Hope for a Happy New Year
On July 25th, 2019, everything stopped. It was like my world froze into place, and here we are now, and it feels in many ways like I am still frozen in time.
I spend 6 months of my life in hell. The worst pain of my life, wondering if I'd survive day to day and grasping for pieces of "normal" life. But at the end of those six months, things felt like maybe normal was possible.
I had precisely 3 months of normal. I went back to work. I went to shows, I was working out, and getting on with life post-diagnosis. Then came a pandemic, and everything came to a screeching halt... Again.
Dragging on and on
As someone with a terminal illness and a ravaged body, I had to take it seriously. And I was and am still terrified. So we stayed in for months. I went back to work, masked up, and reeking of hand sanitizer all day. No movies, no shows, no travel, nothing.
And it dragged on and on.
Wanting to live again
I followed the advice and got all the shots. But the pause in life continued to drag as disaster after disaster unfolded around the world. For 2 years, I've watched the world around me crumble, and all I want to scream is that I want to live again!
I bought a house and couldn't celebrate. I turned 30 and couldn't celebrate. I watched my cancer disappear, and I couldn’t celebrate. I've yet to experience life since July 25th, 2019, and I'm going mad. The plastic bubble has been closing in, and all I can do is thrash and kick for space.
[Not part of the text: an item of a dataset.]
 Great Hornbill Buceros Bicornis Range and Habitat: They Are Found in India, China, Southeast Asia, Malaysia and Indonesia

Working with what we've got
It would be so easy to look at a brand new year laid out before me and think, "Next year is going to be better." But the cynic in me gazes around and wonders how. I also have to believe that things will get better, and at the very least, I have to make it better for me.
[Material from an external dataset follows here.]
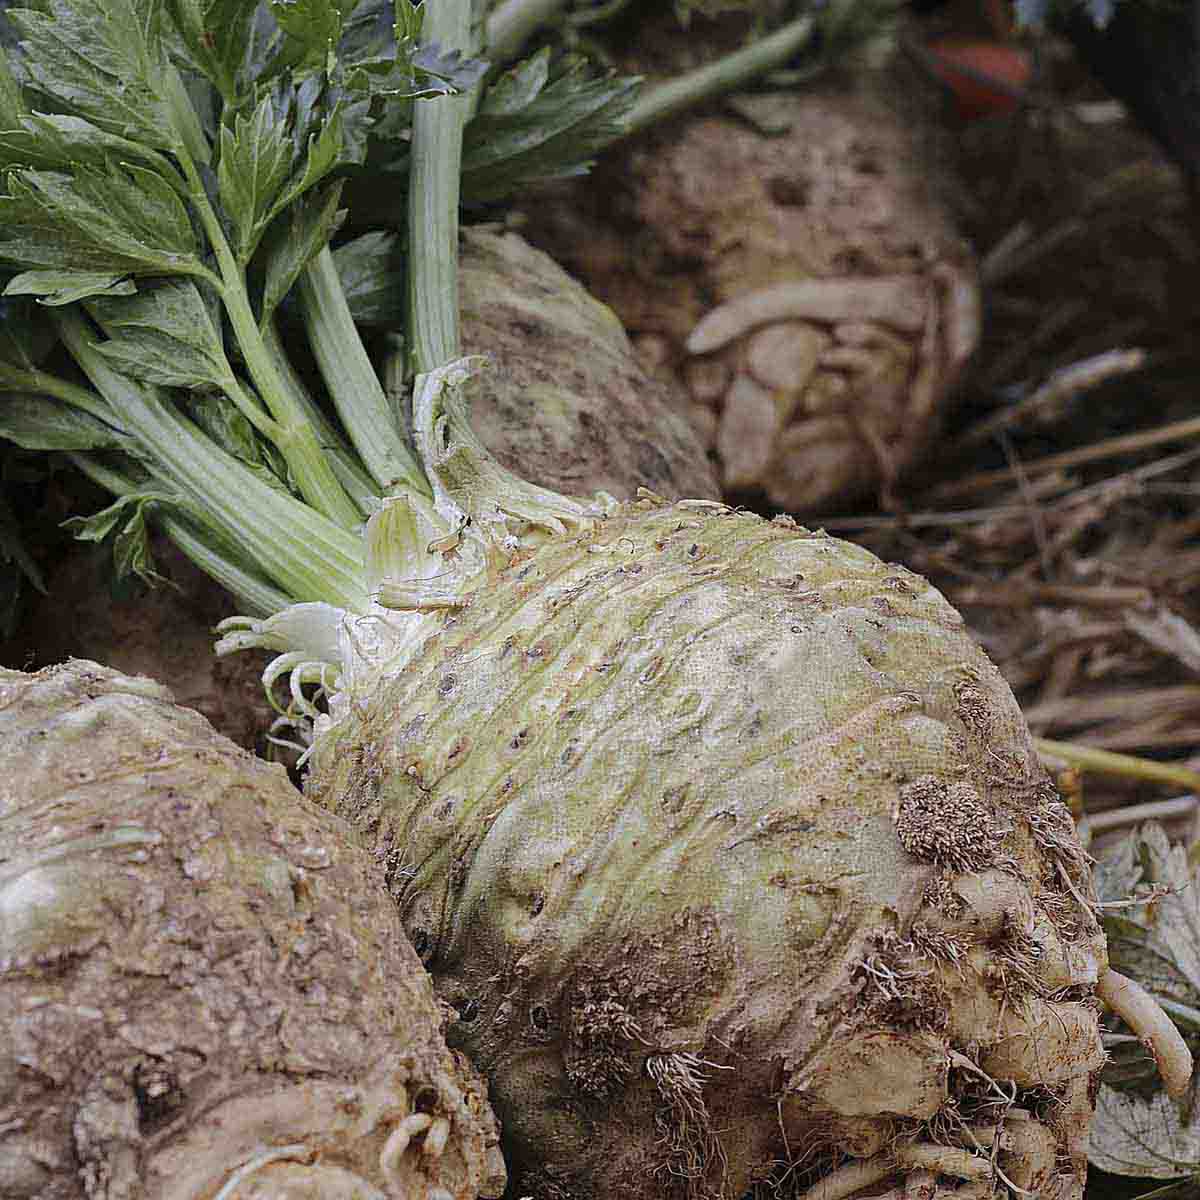 Large celeriac bulbs with celery greens still attached.

If cancer teaches us anything, it is that we are not guaranteed our next 24 hours. Every single day we are on this side of the dirt, it is bonus time, and we have to work with what we've got.
Next year IS going to be better
Although I've felt so stuck, I am hopeful that I will continue to keep reclaiming the things that bring me joy.
I will keep celebrating the small victories, I will find the silver linings, and I will make the most of the extra time I've been given. Our celebrations may look a little different these days, and it can be hard to see the other side sometimes. But I know cancer patients are resilient, and I know I'm a tough cookie.
If you have been feeling stuck like me, I hope you look to the new year as an opportunity to keep pushing forward and keep finding the things that make you feel unstuck.